Analysis of weekly activity patterns shows that users are not uniformly active throughout the week.


* Activity frequency: About 51.7% of users are active five or more days per week, while 11.1% remain inactive during an entire week. This indicates that most Bellabeat users maintain a regular activity routine, though a portion shows low engagement.


* Day-level activity: The highest average step counts occur on Saturday (8,153) and Tuesday (8,125), suggesting users are slightly more active early in the week and during weekends.

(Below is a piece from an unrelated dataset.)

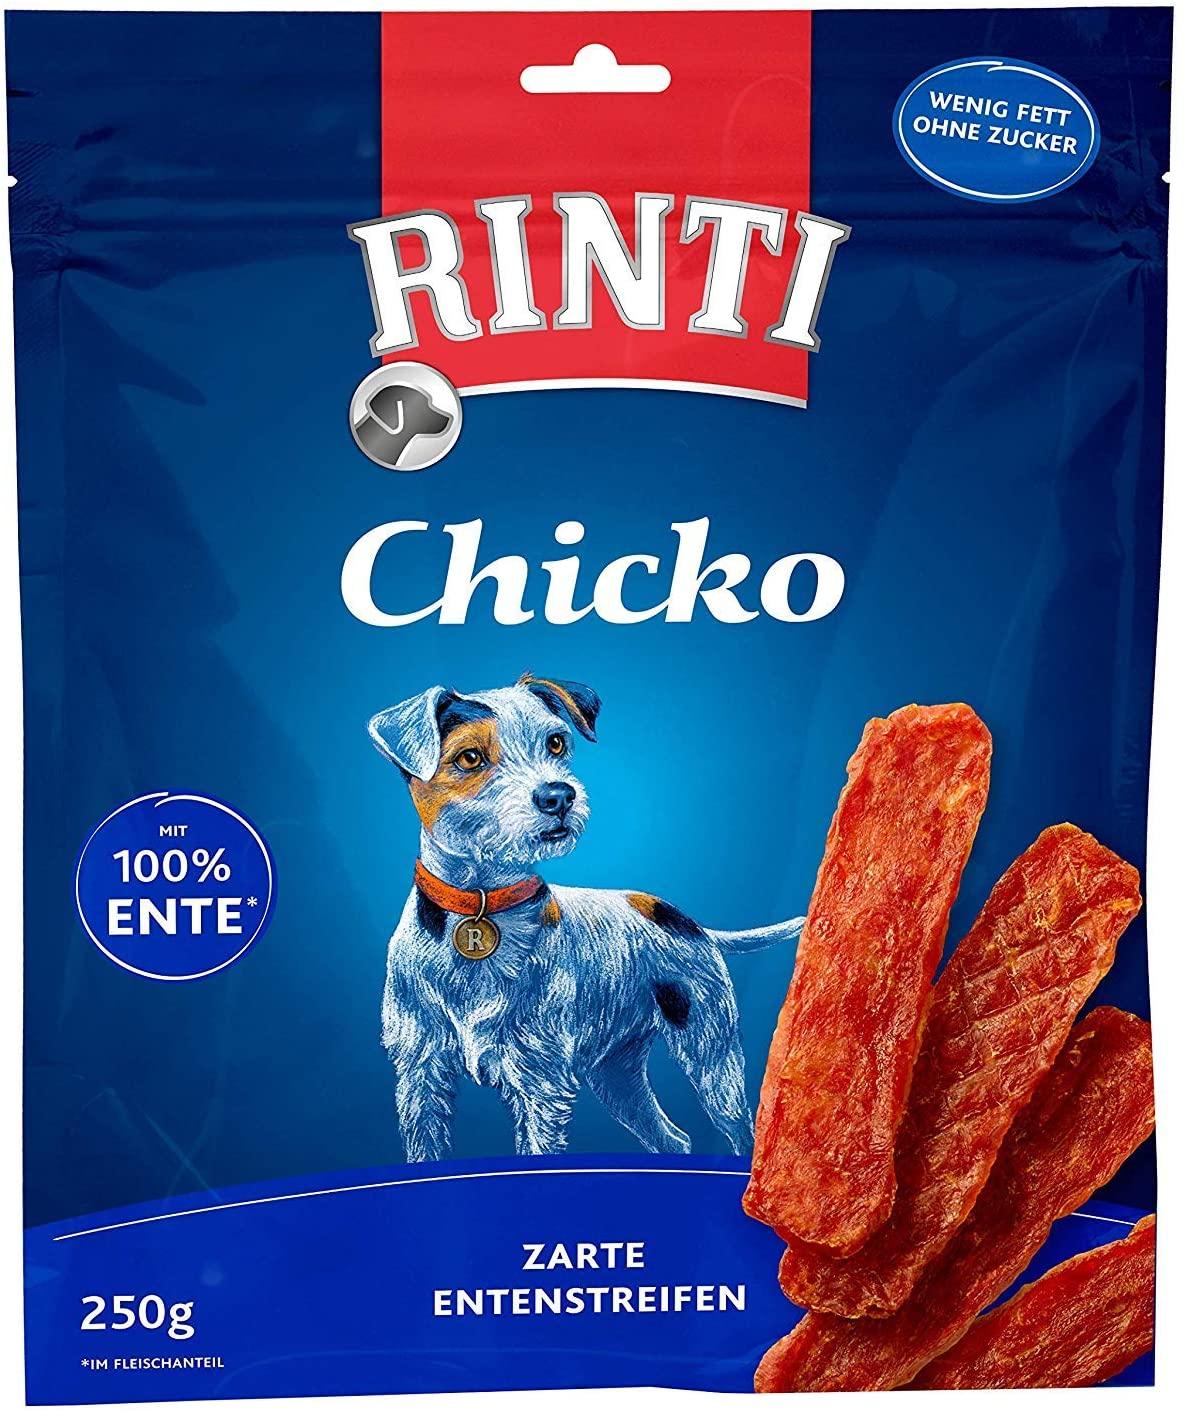 Rinti Chicko golosinas de pato para perros - PACK DE 3 (3x250g)
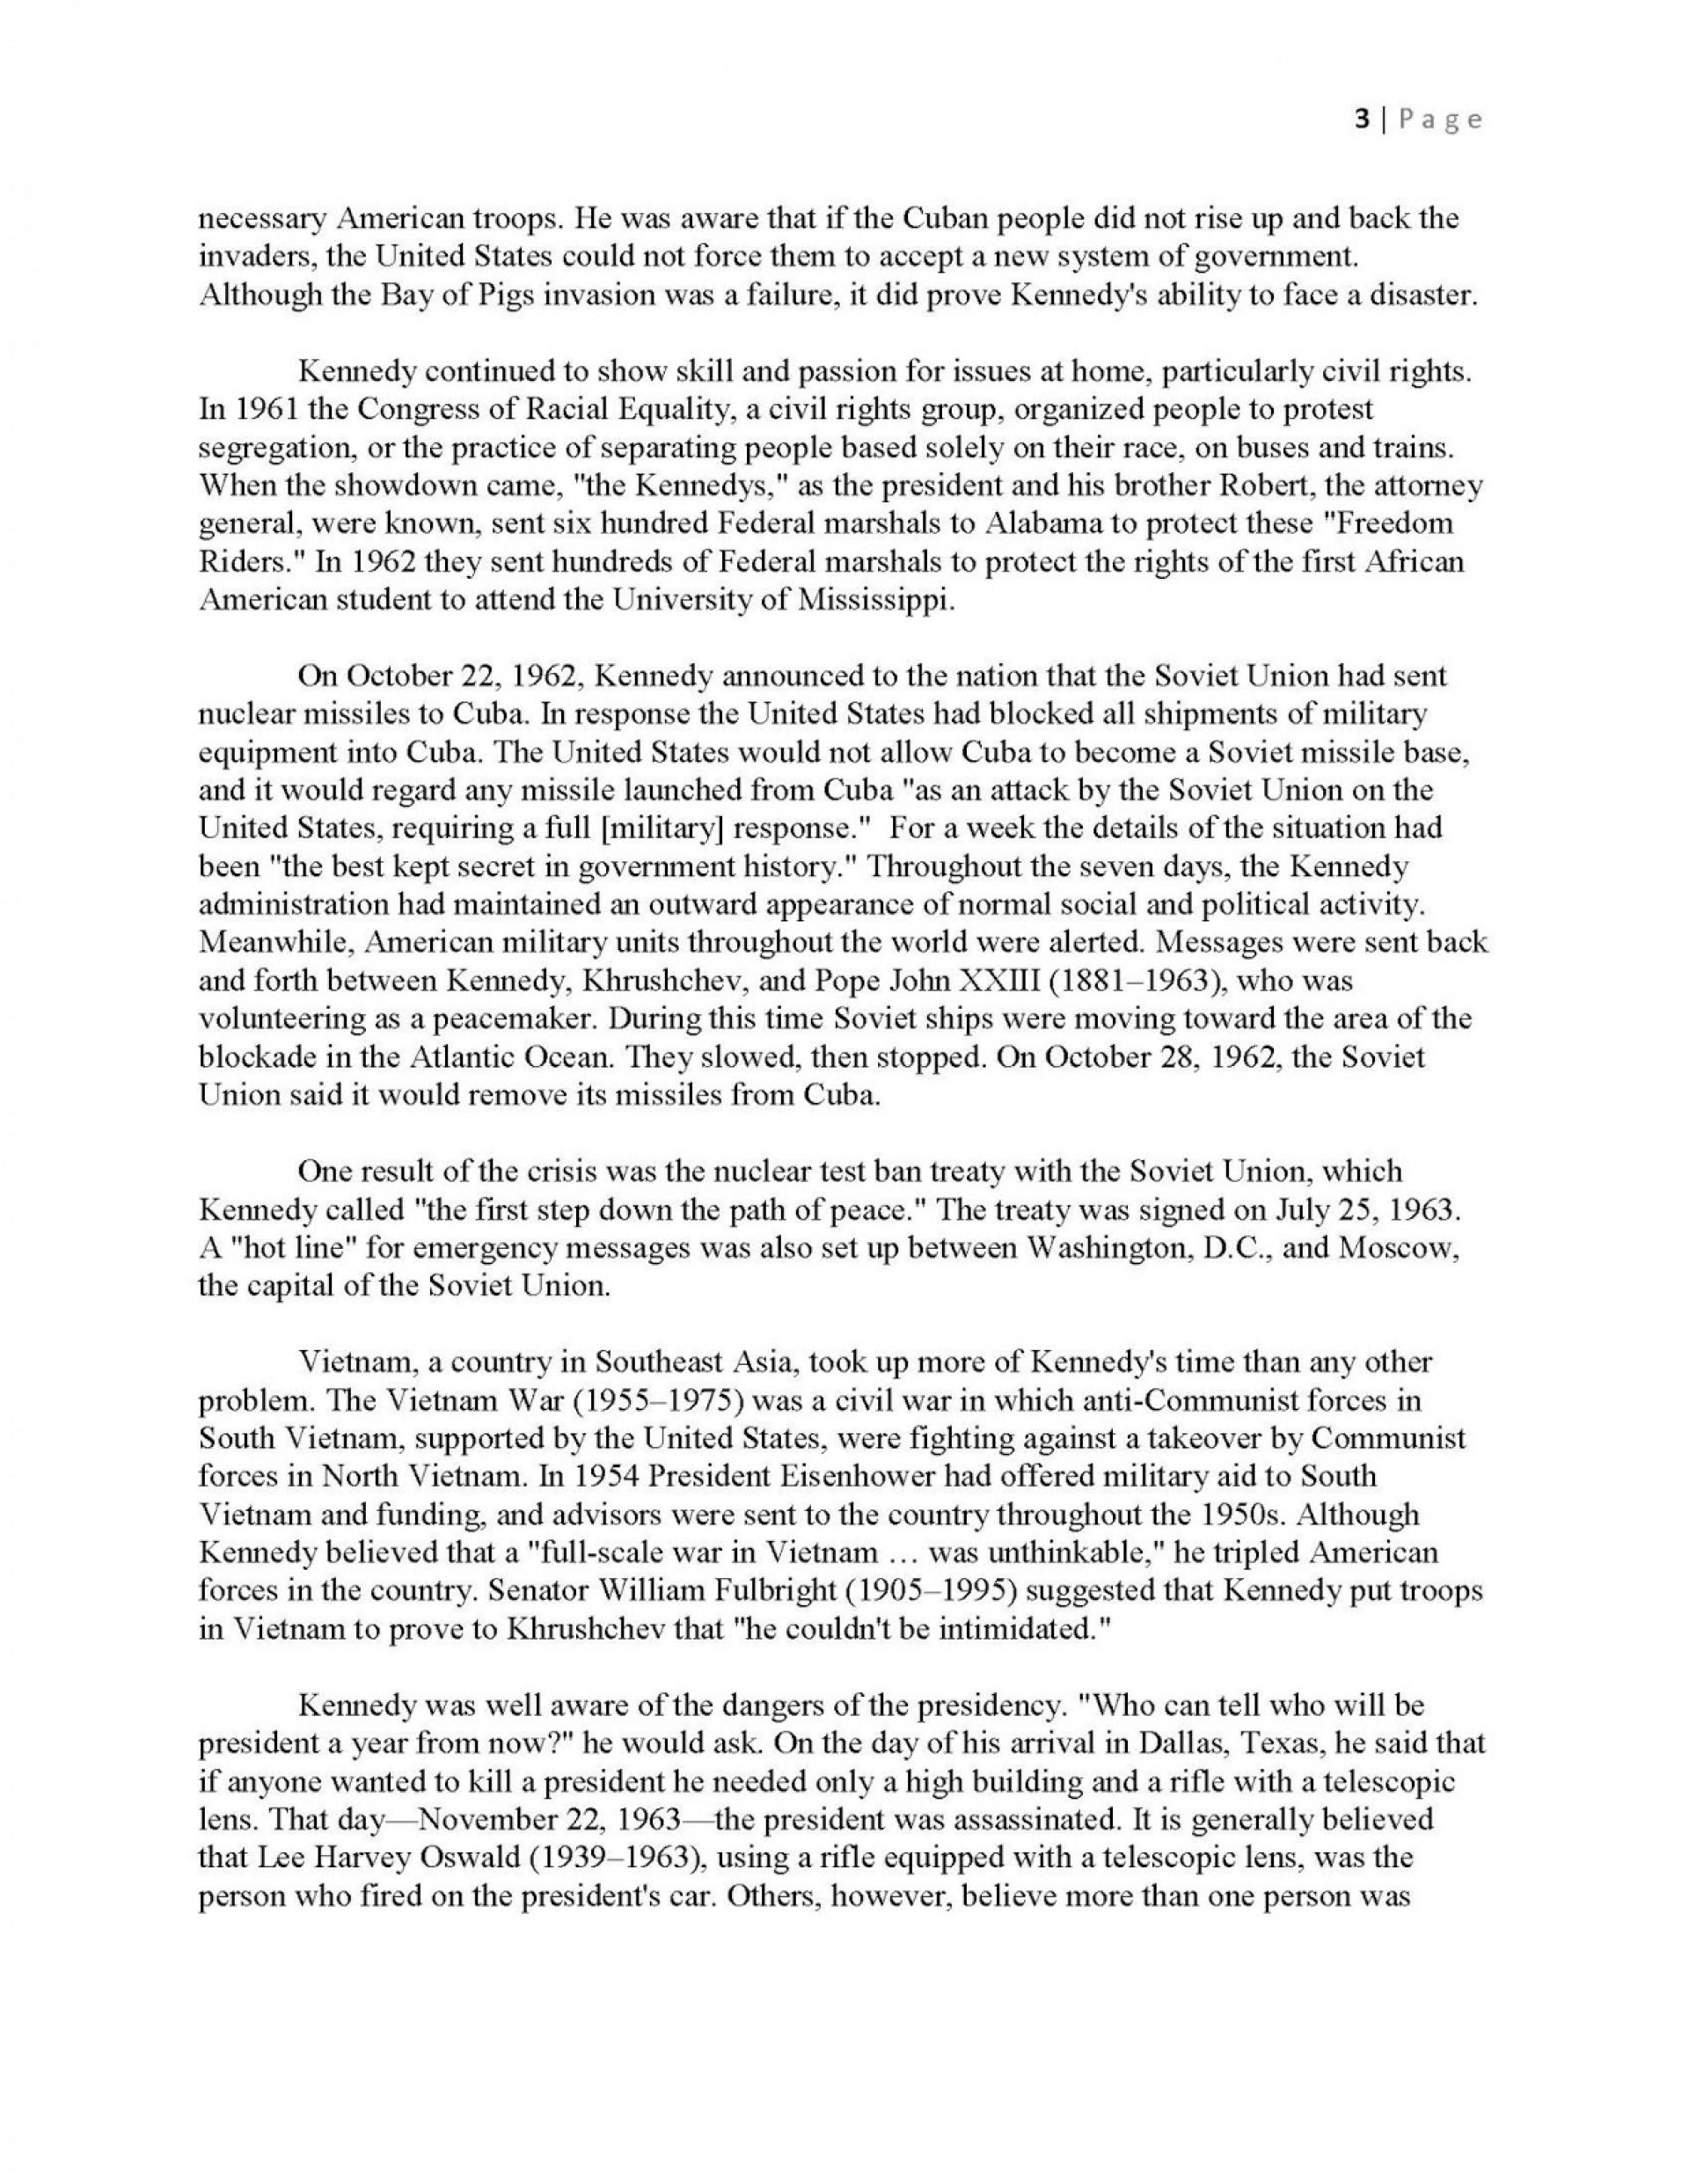 015 Essay Example Jfkmlashortformbiographyreportexample Page 3 College Format Wonderful Mla Research Paper Examples 1920

Sunday (6,933) has the lowest activity level, showing a clear weekend slowdown trend.


These findings suggest that Bellabeat could introduce weekend activity challenges or reminder notifications to increase user engagement on less active days.

## Recommendations

1. Encourage weekend engagement
Introduce weekend step challenges or personalized push notifications to increase user activity on low-activity days.

2. Promote mindfulness features
Integrate short stress-reduction or breathing exercises in the Bellabeat app for users with elevated stress signals.

3. Personalized sleep insights
Offer reminders for bedtime routines and highlight sleep coaching to support users with lower sleep quality.

4. Activity goal tracking
Provide adaptive daily goals or badges to maintain motivation for  users.

These findings can guide Bellabeat in improving user engagement, promoting healthy habits, and refining targeted marketing or product strategies.